Most of existed Web Crawlers agents do not have the ability to visit and parse Web pages. The reason is that the network bandwidth is very expensive [3]. Another reason is that there may be a limitation in storage where the crawler tries to store the data in a disk [4].

In this paper, a new Web crawler algorithm has been developed based on priority queue for estimate of importance of Web pages. In this work, URLs have been divided into two categories as intra links and inter links and weight is set for URLs according to their types.

II. RELATED WORKS

There are many Web crawler algorithms developed to manage Web sites. Fish algorithm is developed by De Bra et al. [5]. This algorithm works in a similar way of catching a fish. According to this approach, the group of fishes moves towards food. The group that is not near the food will die. Each crawler agent explores “feeder” areas which contain more “food”, i.e. relevant documents, and possibly “dry” directions with no relevant findings. Although fish algorithm is easy to apply, it has some limitations; connectivity-score distribution is given 1 to each connected node and gave 0 or 0.5 discrete calculations.

The Shark-Search method [6] suggests using Vector Space Model (VSM) [7] as a technique to select page priority from crawl candidate pages. To determine the value of a node, it will go into Webpage content, anchor text, the text surrounding the URLs and the priority mount for parent URLs. The difference between shark and fish algorithms is that shark algorithm uses fuzzy logic technique for distributing scores among the URLs while fish algorithm uses binary scoring to sort URLs. Another difference is that shark search algorithm uses Vector Space Model (VSM) for searching while fish search algorithm regular expressions for searching inside Web documents.

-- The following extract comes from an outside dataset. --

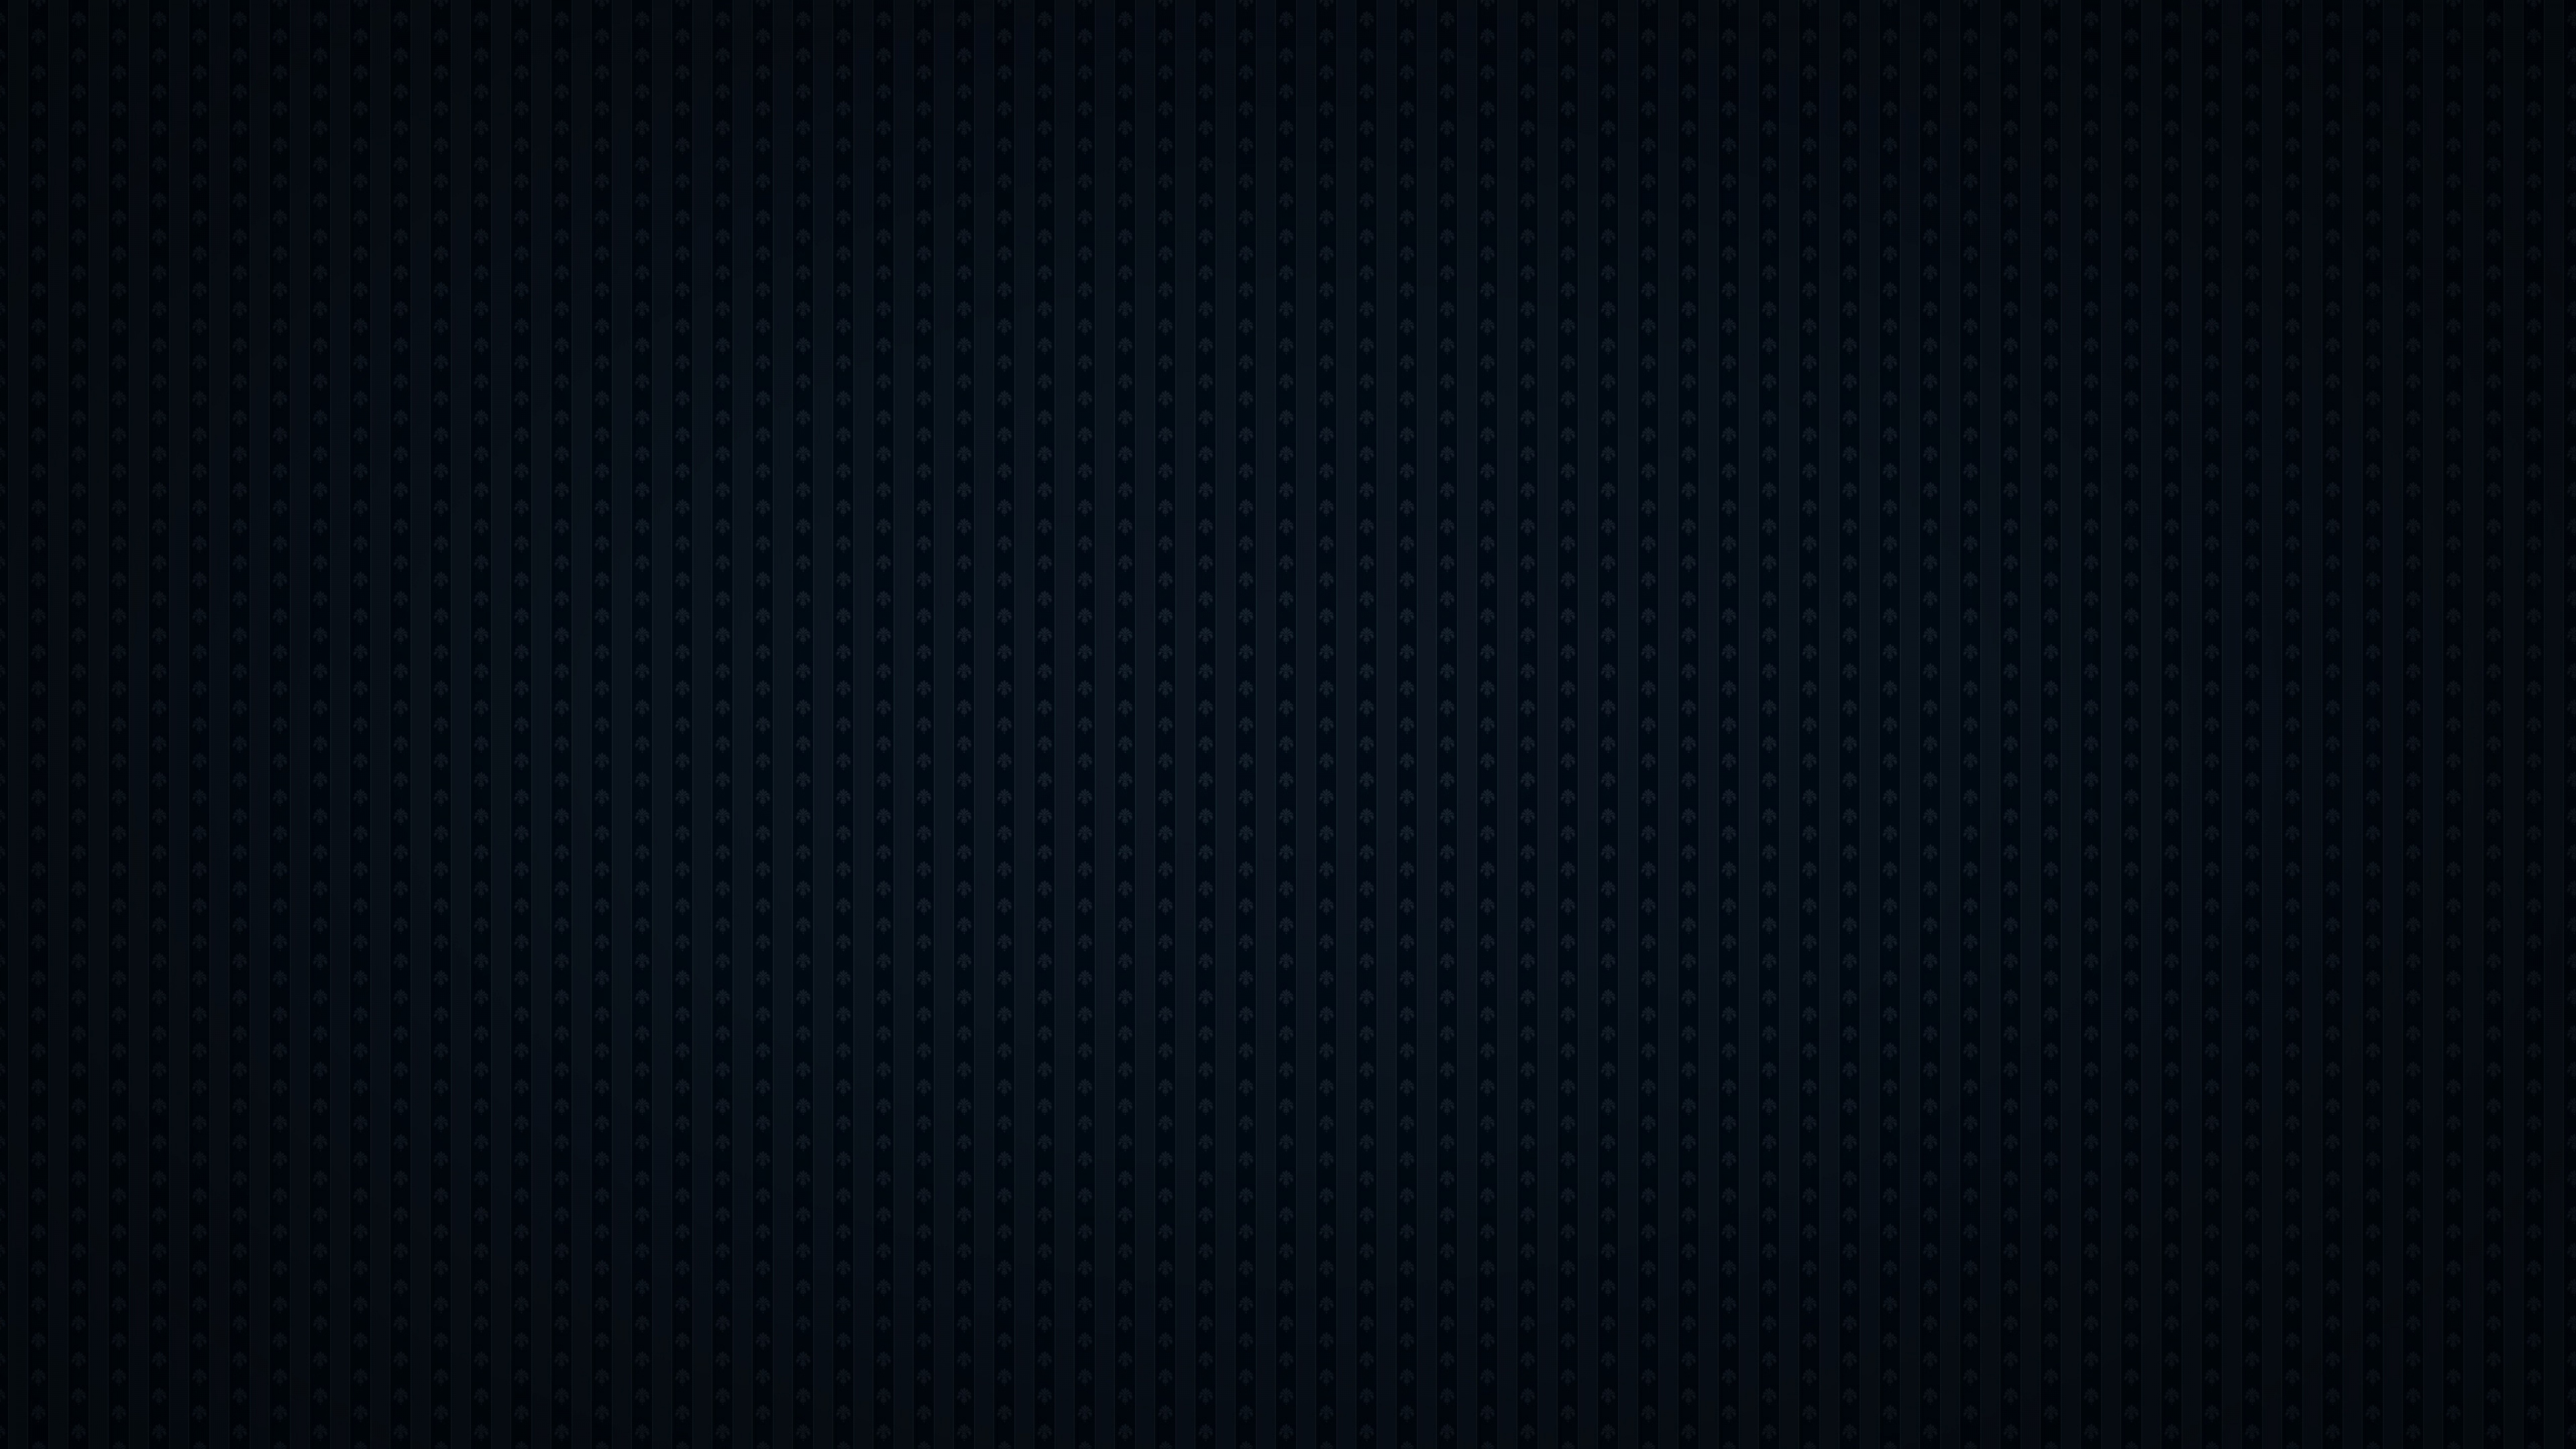 Stripes Vertical Pattern Texture Wallpaper Background 4K Ultra HD 3840x2160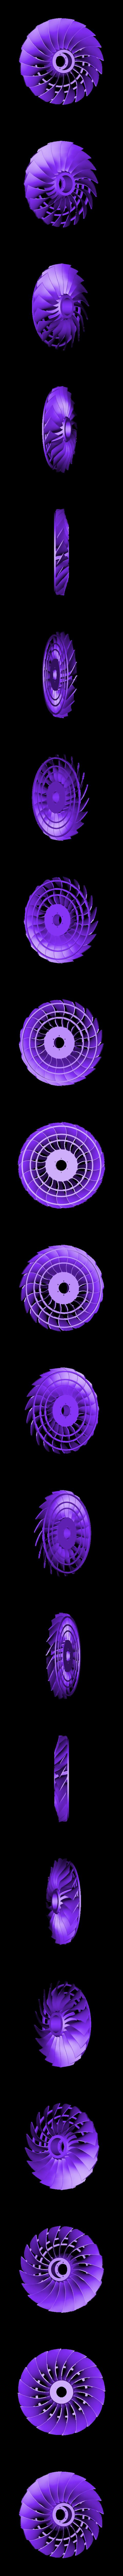 Fan-Blade201ws.stl Download free STL file Jet Engine, 3-Spool • 3D printable object, konchan77

To determine high quality Web pages to crawl, Cho et al. [8], presents a new connectivity-based criteria using Breadth-first algorithm. Cho et al, uses four different algorithms (Breadth-first, backlink count, Page Rank, and Random algorithm) to crawl a single domain (Stanford.edu) Web site. The experimental results showed that to crawl a high page rank Web pages from the downloaded pages first before the other Web pages. A Partial Page Rank algorithm will be the best choice to get better results. The next best algorithm is Breadth-first, then Backlink-count will be fine to use as a Web crawler algorithm, besides, it is shown that to find high page rank Web pages, Breadth-first search algorithm will be the recommended to get better results.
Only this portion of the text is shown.